------ DATA FOR THIS TASK ------
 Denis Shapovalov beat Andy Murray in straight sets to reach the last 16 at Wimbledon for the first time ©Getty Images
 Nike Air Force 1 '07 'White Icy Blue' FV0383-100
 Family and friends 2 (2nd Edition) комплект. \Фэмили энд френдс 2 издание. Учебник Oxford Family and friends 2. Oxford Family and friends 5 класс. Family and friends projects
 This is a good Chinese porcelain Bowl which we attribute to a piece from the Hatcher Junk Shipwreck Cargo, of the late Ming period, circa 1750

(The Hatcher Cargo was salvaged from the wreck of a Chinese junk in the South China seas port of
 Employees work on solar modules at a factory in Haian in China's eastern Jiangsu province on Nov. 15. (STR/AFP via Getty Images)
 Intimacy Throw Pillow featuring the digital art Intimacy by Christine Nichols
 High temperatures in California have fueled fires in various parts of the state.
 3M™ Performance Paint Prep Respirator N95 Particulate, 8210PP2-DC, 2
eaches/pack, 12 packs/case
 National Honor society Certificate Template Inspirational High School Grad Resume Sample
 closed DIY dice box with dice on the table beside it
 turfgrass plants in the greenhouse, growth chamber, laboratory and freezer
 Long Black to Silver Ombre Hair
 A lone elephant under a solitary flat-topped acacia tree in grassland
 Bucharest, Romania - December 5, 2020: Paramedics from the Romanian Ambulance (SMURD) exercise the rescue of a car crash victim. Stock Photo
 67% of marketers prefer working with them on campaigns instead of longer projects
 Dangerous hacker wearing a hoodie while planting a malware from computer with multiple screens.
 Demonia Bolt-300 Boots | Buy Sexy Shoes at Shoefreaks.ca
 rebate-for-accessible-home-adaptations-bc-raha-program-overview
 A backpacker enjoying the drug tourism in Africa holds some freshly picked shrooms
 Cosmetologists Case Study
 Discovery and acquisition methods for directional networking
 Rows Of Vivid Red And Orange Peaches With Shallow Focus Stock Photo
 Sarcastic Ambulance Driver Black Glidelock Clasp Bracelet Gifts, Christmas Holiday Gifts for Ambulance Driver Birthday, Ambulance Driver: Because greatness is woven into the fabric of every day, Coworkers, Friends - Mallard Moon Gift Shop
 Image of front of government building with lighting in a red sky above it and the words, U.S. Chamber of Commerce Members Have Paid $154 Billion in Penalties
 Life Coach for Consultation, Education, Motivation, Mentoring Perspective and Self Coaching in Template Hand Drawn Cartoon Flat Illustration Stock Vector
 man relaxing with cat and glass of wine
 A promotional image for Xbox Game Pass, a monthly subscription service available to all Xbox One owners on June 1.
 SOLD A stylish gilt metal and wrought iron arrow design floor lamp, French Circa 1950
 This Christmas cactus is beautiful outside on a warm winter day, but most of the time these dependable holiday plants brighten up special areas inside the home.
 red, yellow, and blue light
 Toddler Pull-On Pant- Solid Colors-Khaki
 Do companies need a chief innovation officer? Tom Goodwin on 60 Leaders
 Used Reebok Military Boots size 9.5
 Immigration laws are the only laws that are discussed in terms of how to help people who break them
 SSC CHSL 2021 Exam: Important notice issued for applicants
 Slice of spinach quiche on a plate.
------
WORK REQUEST: Would you print all of the material above exactly as written?

ANSWER BELOW:
 Denis Shapovalov beat Andy Murray in straight sets to reach the last 16 at Wimbledon for the first time ©Getty Images
 Nike Air Force 1 '07 'White Icy Blue' FV0383-100
 Family and friends 2 (2nd Edition) комплект. \Фэмили энд френдс 2 издание. Учебник Oxford Family and friends 2. Oxford Family and friends 5 класс. Family and friends projects
 This is a good Chinese porcelain Bowl which we attribute to a piece from the Hatcher Junk Shipwreck Cargo, of the late Ming period, circa 1750

(The Hatcher Cargo was salvaged from the wreck of a Chinese junk in the South China seas port of
 Employees work on solar modules at a factory in Haian in China's eastern Jiangsu province on Nov. 15. (STR/AFP via Getty Images)
 Intimacy Throw Pillow featuring the digital art Intimacy by Christine Nichols
 High temperatures in California have fueled fires in various parts of the state.
 3M™ Performance Paint Prep Respirator N95 Particulate, 8210PP2-DC, 2
eaches/pack, 12 packs/case
 National Honor society Certificate Template Inspirational High School Grad Resume Sample
 closed DIY dice box with dice on the table beside it
 turfgrass plants in the greenhouse, growth chamber, laboratory and freezer
 Long Black to Silver Ombre Hair
 A lone elephant under a solitary flat-topped acacia tree in grassland
 Bucharest, Romania - December 5, 2020: Paramedics from the Romanian Ambulance (SMURD) exercise the rescue of a car crash victim. Stock Photo
 67% of marketers prefer working with them on campaigns instead of longer projects
 Dangerous hacker wearing a hoodie while planting a malware from computer with multiple screens.
 Demonia Bolt-300 Boots | Buy Sexy Shoes at Shoefreaks.ca
 rebate-for-accessible-home-adaptations-bc-raha-program-overview
 A backpacker enjoying the drug tourism in Africa holds some freshly picked shrooms
 Cosmetologists Case Study
 Discovery and acquisition methods for directional networking
 Rows Of Vivid Red And Orange Peaches With Shallow Focus Stock Photo
 Sarcastic Ambulance Driver Black Glidelock Clasp Bracelet Gifts, Christmas Holiday Gifts for Ambulance Driver Birthday, Ambulance Driver: Because greatness is woven into the fabric of every day, Coworkers, Friends - Mallard Moon Gift Shop
 Image of front of government building with lighting in a red sky above it and the words, U.S. Chamber of Commerce Members Have Paid $154 Billion in Penalties
 Life Coach for Consultation, Education, Motivation, Mentoring Perspective and Self Coaching in Template Hand Drawn Cartoon Flat Illustration Stock Vector
 man relaxing with cat and glass of wine
 A promotional image for Xbox Game Pass, a monthly subscription service available to all Xbox One owners on June 1.
 SOLD A stylish gilt metal and wrought iron arrow design floor lamp, French Circa 1950
 This Christmas cactus is beautiful outside on a warm winter day, but most of the time these dependable holiday plants brighten up special areas inside the home.
 red, yellow, and blue light
 Toddler Pull-On Pant- Solid Colors-Khaki
 Do companies need a chief innovation officer? Tom Goodwin on 60 Leaders
 Used Reebok Military Boots size 9.5
 Immigration laws are the only laws that are discussed in terms of how to help people who break them
 SSC CHSL 2021 Exam: Important notice issued for applicants
 Slice of spinach quiche on a plate.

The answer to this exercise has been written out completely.